Summary
In Williams v. State, 538 So.2d 73 (Fla. 4th DCA 1989), the court approved the trial court's allowance of an expert's testimony on the general relationship between large amounts of cash and drug transactions.
Summary of this case from Gamble v. StateOpinion
No. 88-1017.
February 1, 1989.
Richard L. Jorandby, Public Defender, and Marcy K. Allen, Asst. Public Defender, West Palm Beach, for appellant.
Robert A. Butterworth, Atty. Gen., Tallahassee, and John W. Tiedemann, Asst. Atty. Gen., West Palm Beach, for appellee.

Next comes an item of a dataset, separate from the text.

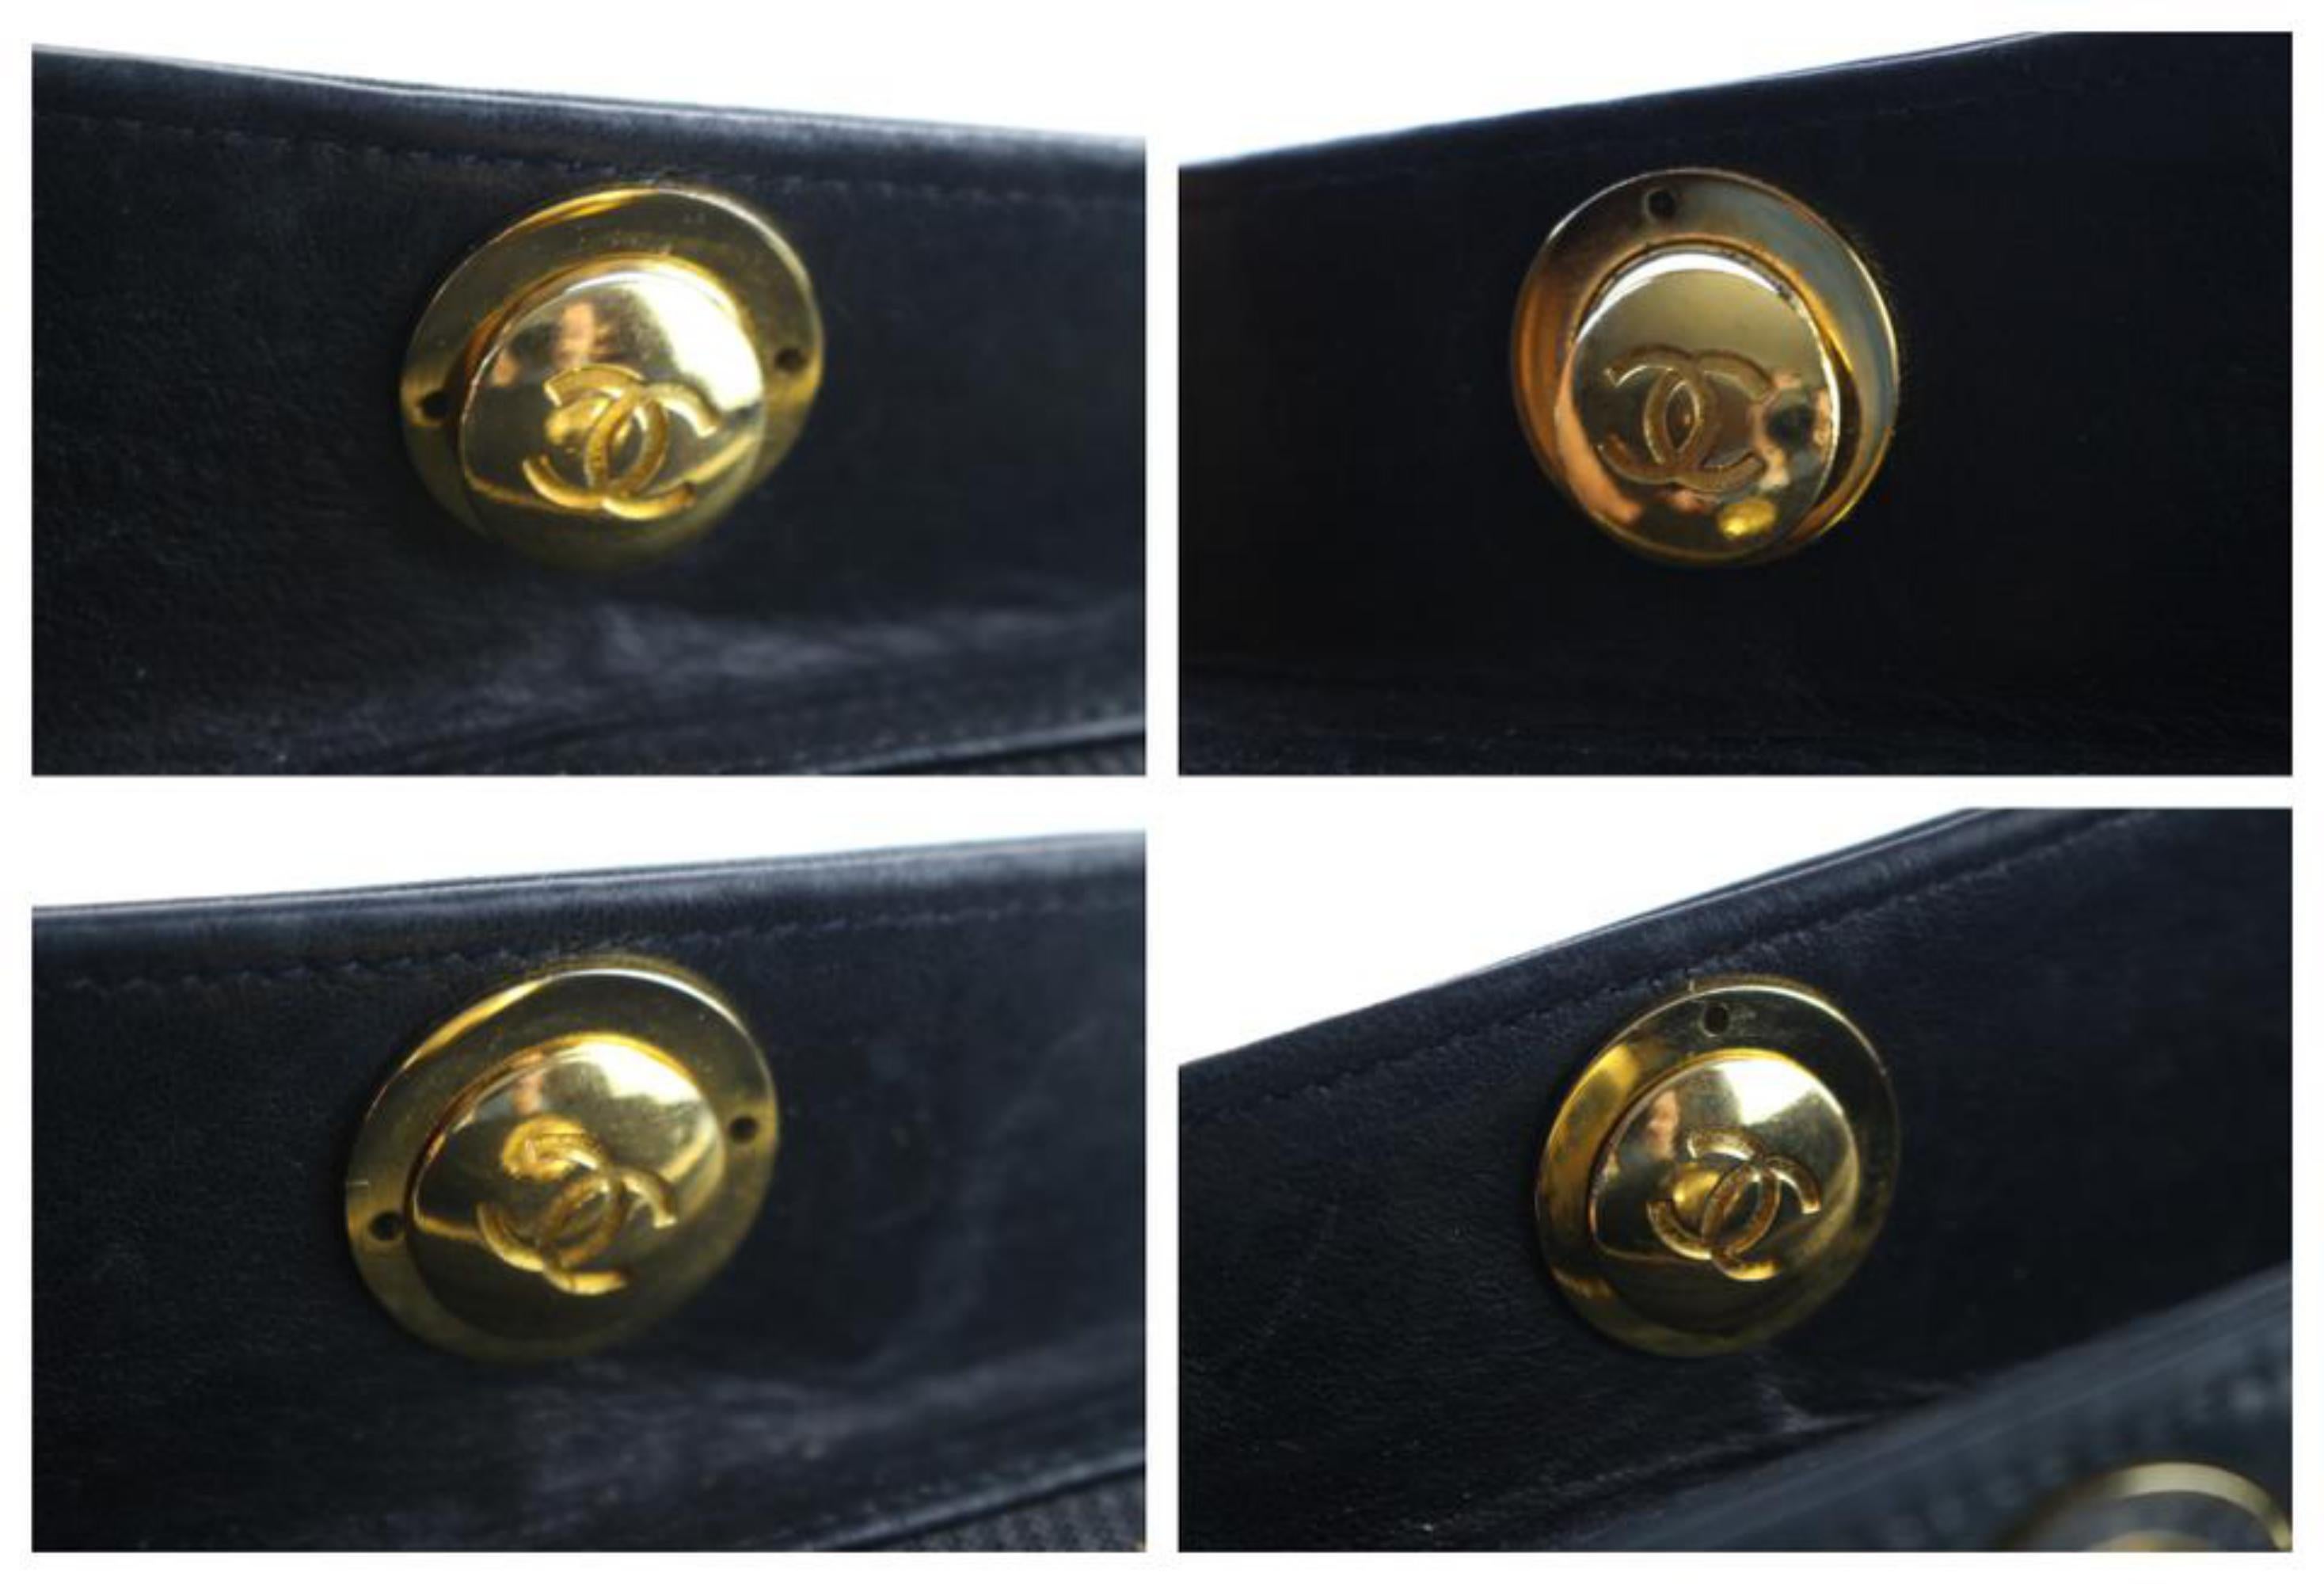 Chanel Medallion Chain Tote 14cr0515 Black Leather Shoulder Bag For Sale 7

The defendant was charged with possession of cocaine with intent to sell. The trial court did not err in permitting the state to introduce, as relevant evidence, the cash seized in the arrest. See United States v. Cruz, 797 F.2d 90 (2d Cir. 1986); United States v. Dinovo, 523 F.2d 197 (7th Cir.), cert. denied, 423 U.S. 1016, 96 S.Ct. 449, 46 L.Ed.2d 387 (1975); §§ 90.401, 90.402, 90.403, Fla. Stat. (1987). Nor was there an abuse of discretion in finding that the prejudicial effect of admitting the evidence did not outweigh its probative value. Cf. United States v. Spell, 789 F.2d 143 (2d Cir. 1986). We also find no error in allowing an officer with specialized knowledge to express his opinion on the relationship between large amounts of cash and drug transactions. Cf. Hosbein v. Silverstein, 358 So.2d 43 (Fla. 4th DCA), cert. denied, 365 So.2d 714 (Fla. 1978); United States v. Ginsberg, 758 F.2d 823 (2d Cir. 1985); United States v. Daniels, 723 F.2d 31 (8th Cir. 1983). Therefore, the judgment and sentence are affirmed.
GLICKSTEIN and STONE, JJ., concur.
WALDEN, J., dissents without opinion.